In a country that has been trapped in polarization for years, it represents enormous electoral potential, because “it collects from all this electorate who are the disillusioned by the Duque mandate, who are not going to continue voting for the Democratic Center. [el partido de Gobierno fundado por el expresidente Uribe] but he doesn’t want to vote for Petro either, ”says Eugénie Richard, professor and researcher at the Externado de Colombia University. “It is an option at both ends, which can summon those who are in the logic of what [Ni Uribe ni Petro]”.
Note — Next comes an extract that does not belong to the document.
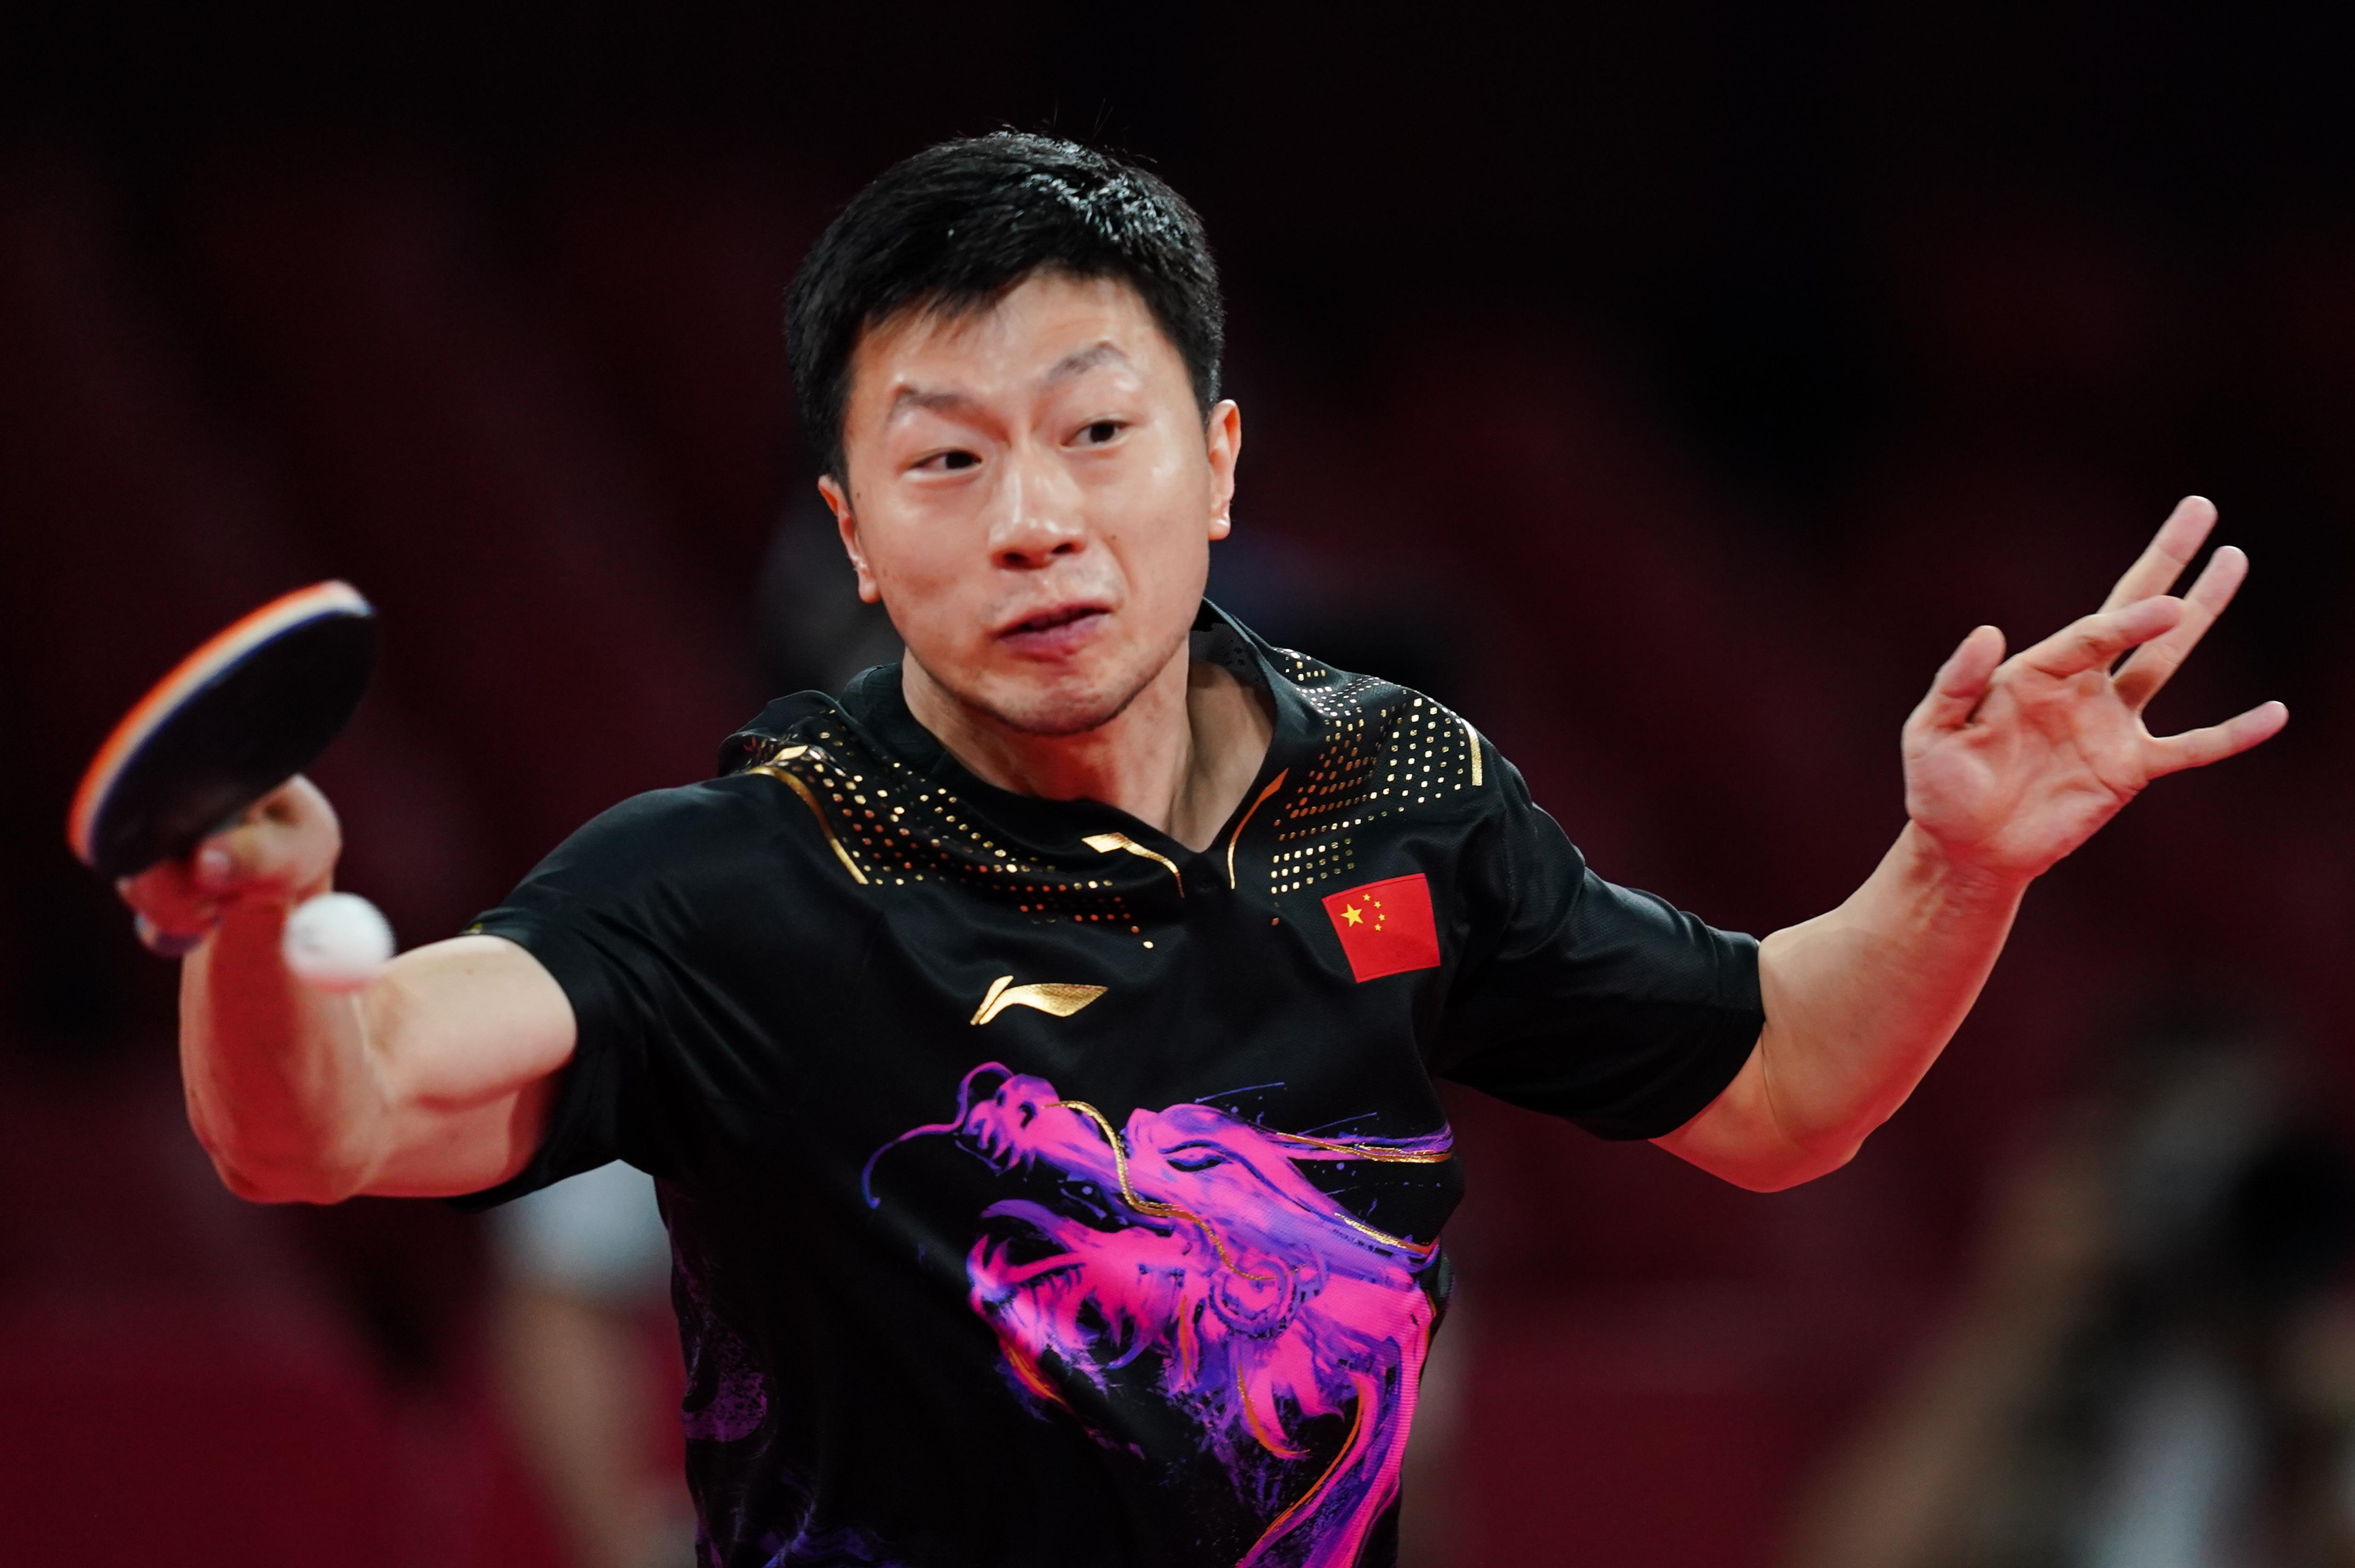 这就是巅峰对决!马龙击败樊振东,男乒卫冕奥运金牌第一人(图5)

A right with regional reach
On the right, the Democratic Center has already chosen its candidate, former Finance Minister Óscar Iván Zuluaga. Although right now it is the party with the highest representation in the Senate, the unpopularity of President Duque weighs heavily on Zuluaga’s aspiration – 72% of those surveyed disapprove of his work, according to Invamer’s measurement – and the wear and tear of the image of Uribe, the most staunch opponent of the peace accords. However, by choosing Zuluaga over Senator María Fernanda Cabal, representative of the most radical sectors, Uribismo keeps open the possibility of converging with other conservative candidates.
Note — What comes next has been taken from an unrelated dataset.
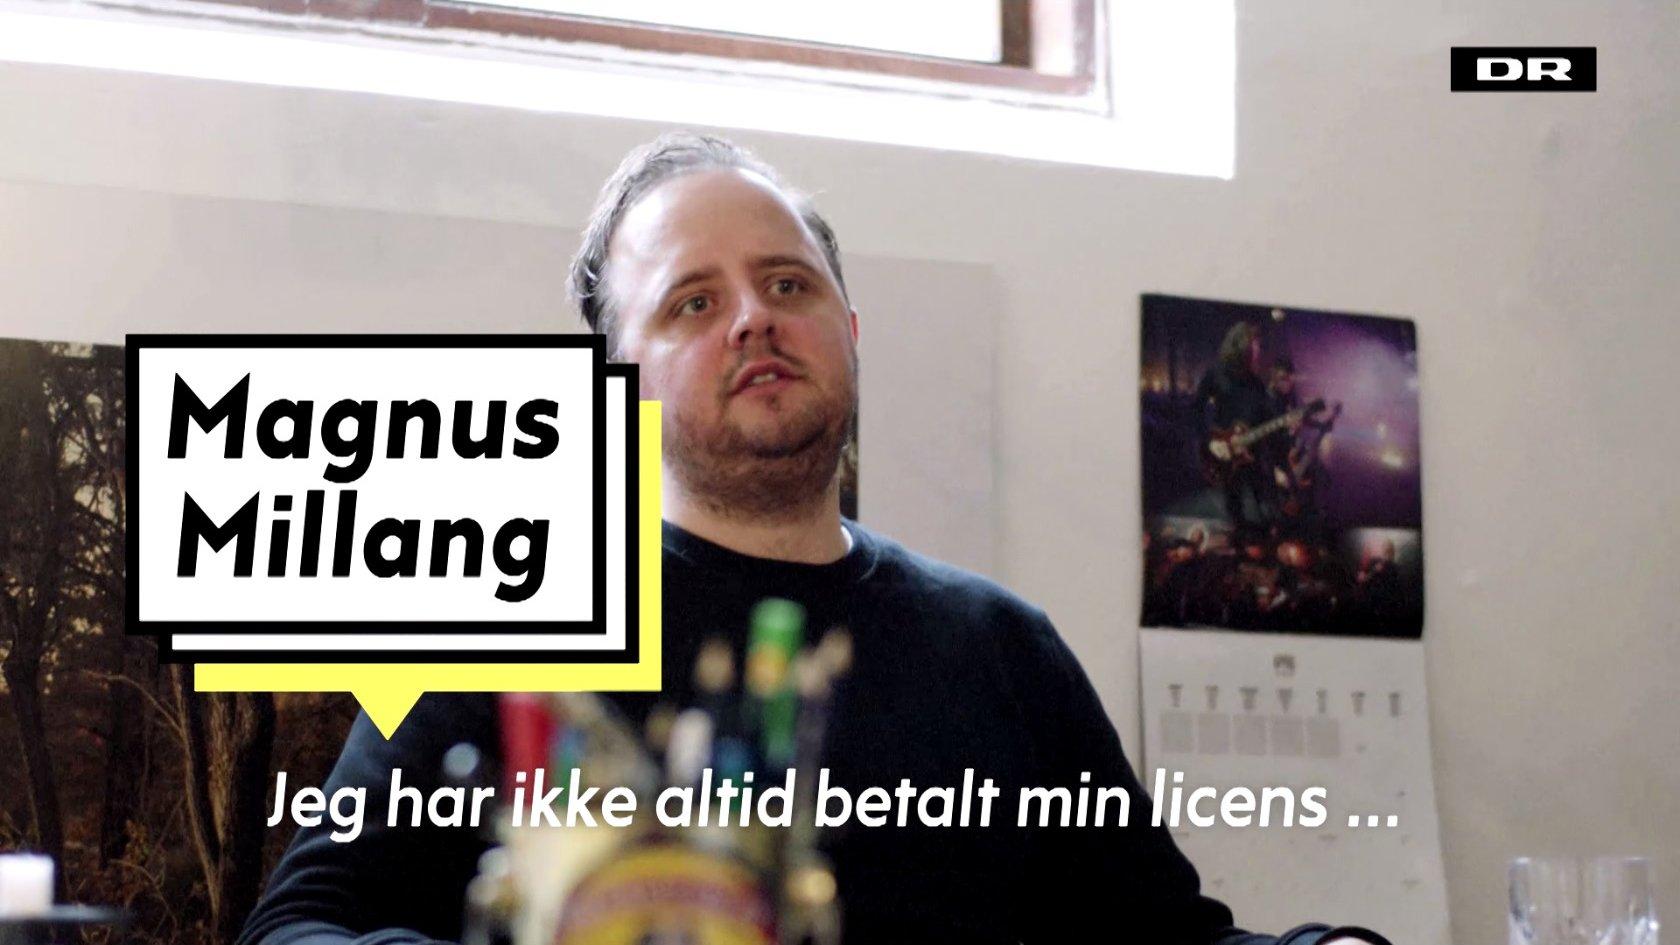 DR Licenskampagne

In the center-right, the call by former Finance Minister Juan Carlos Echeverry to build a “coalition of experience” has taken shape together with several leaders from different regions. That idea ended up absorbing the incipient alliance that was insinuated between the former mayors of the cities of Bogotá, Enrique Peñalosa; Medellín, Federico Gutiérrez; and Barranquilla, Alejandro Char. Together with the former governor of the department of Valle del Cauca, Dilian Francisca Toro, and the conservative party candidate, Senator David Barguil, they sealed an alliance that they called Equipo Colombia and from which a single candidate will emerge. After meeting on Monday at the Peñalosa residence in the Colombian capital, they failed to define the arrival of Zuluaga, which would place them more decisively to the right, although they did not rule it out either.
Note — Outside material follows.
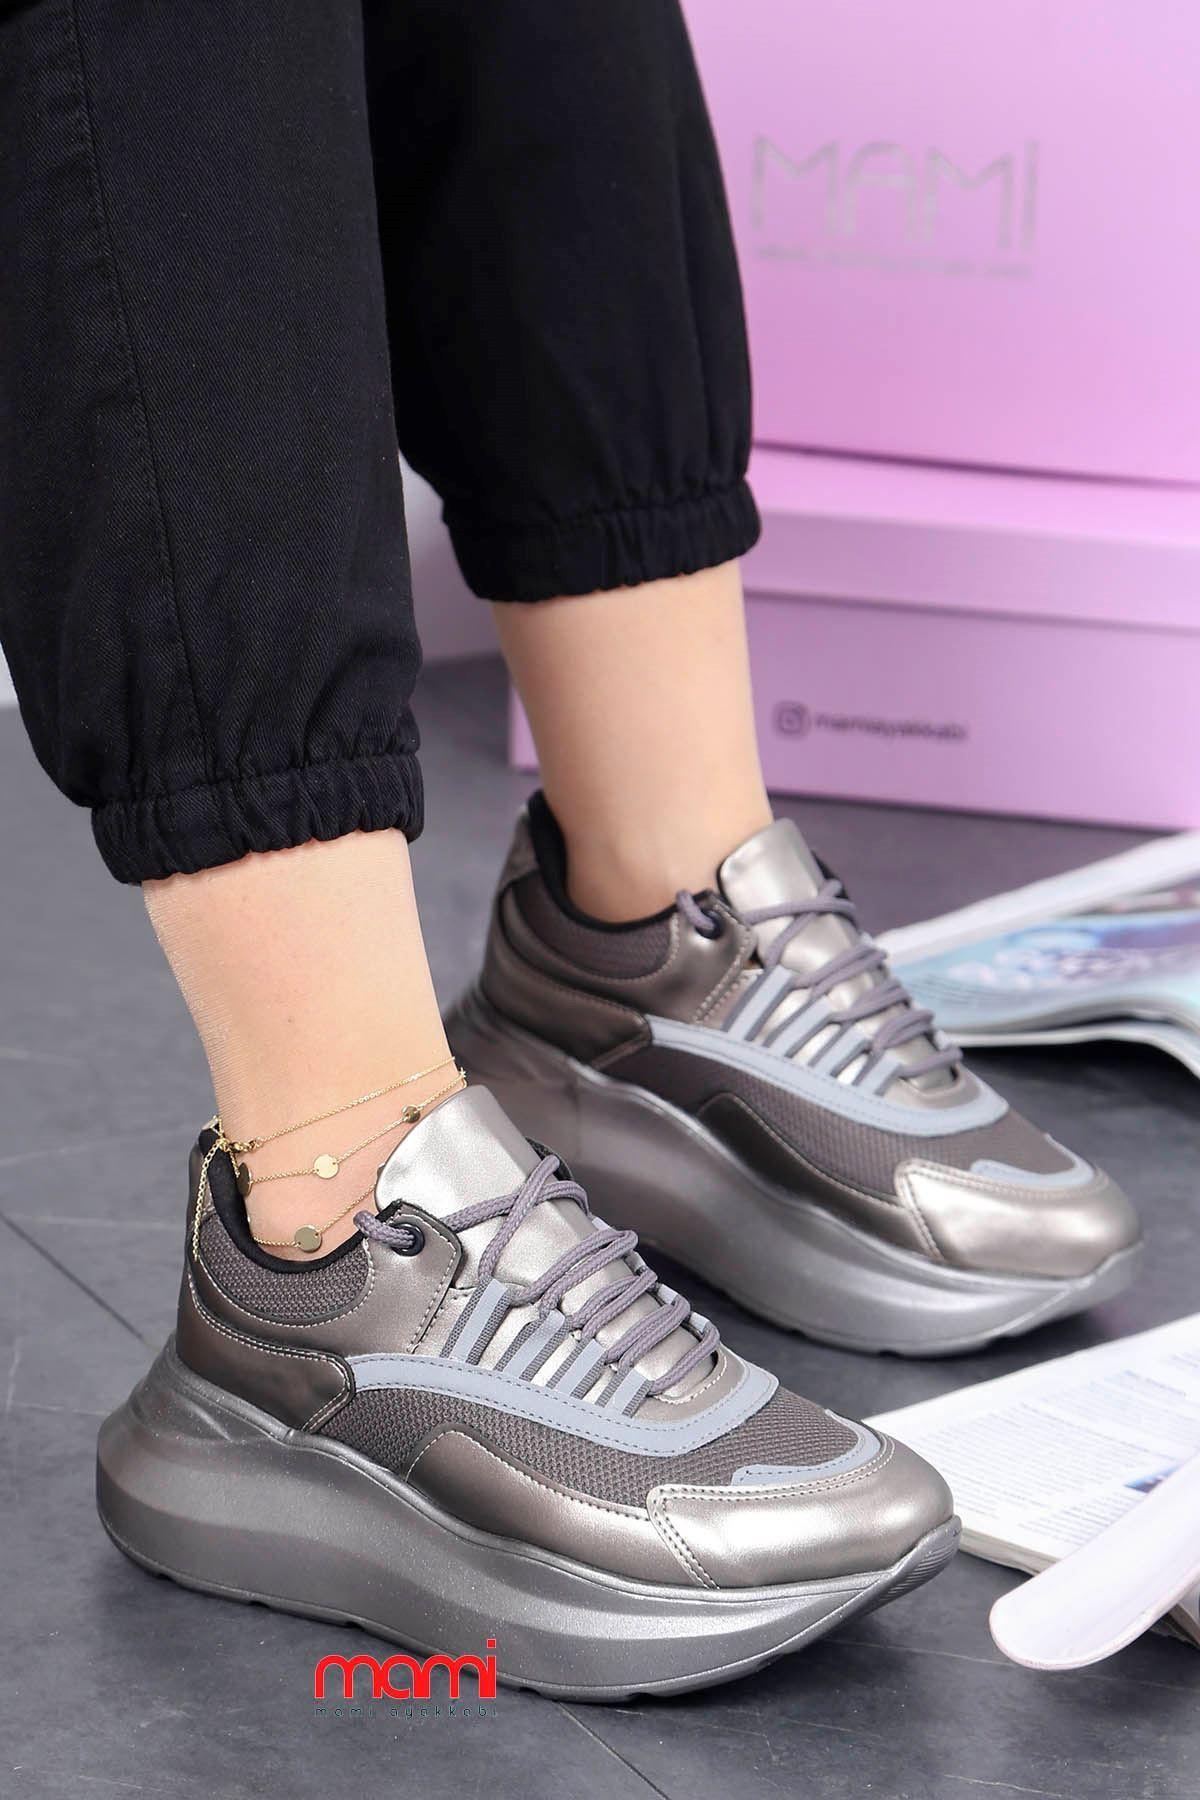 Mrt-700 Spor Ayakkabı Balon Taban Platin Deri

Analysts agree that any right-wing alliance needs the support of the Democratic Center, so that sooner or later it will end up agreeing on a mechanism to incorporate Zuluaga, both as a wagon rather than as a locomotive. The Colombia Team “brings together local and regional leaders, with great convening power in the region, which continues to be very important to win a presidential election, especially in the second round,” says Richard. “It is the ruling party that does not want to appear as ruling party, with a lot of organization behind it, a strong capacity linked to the entire territory, an implicit support from the outgoing administration, with significant funding because it easily reaches the country’s elites, but a coalition that finally it has the disadvantage of not having a candidate as striking as the others ”, sums up Basset.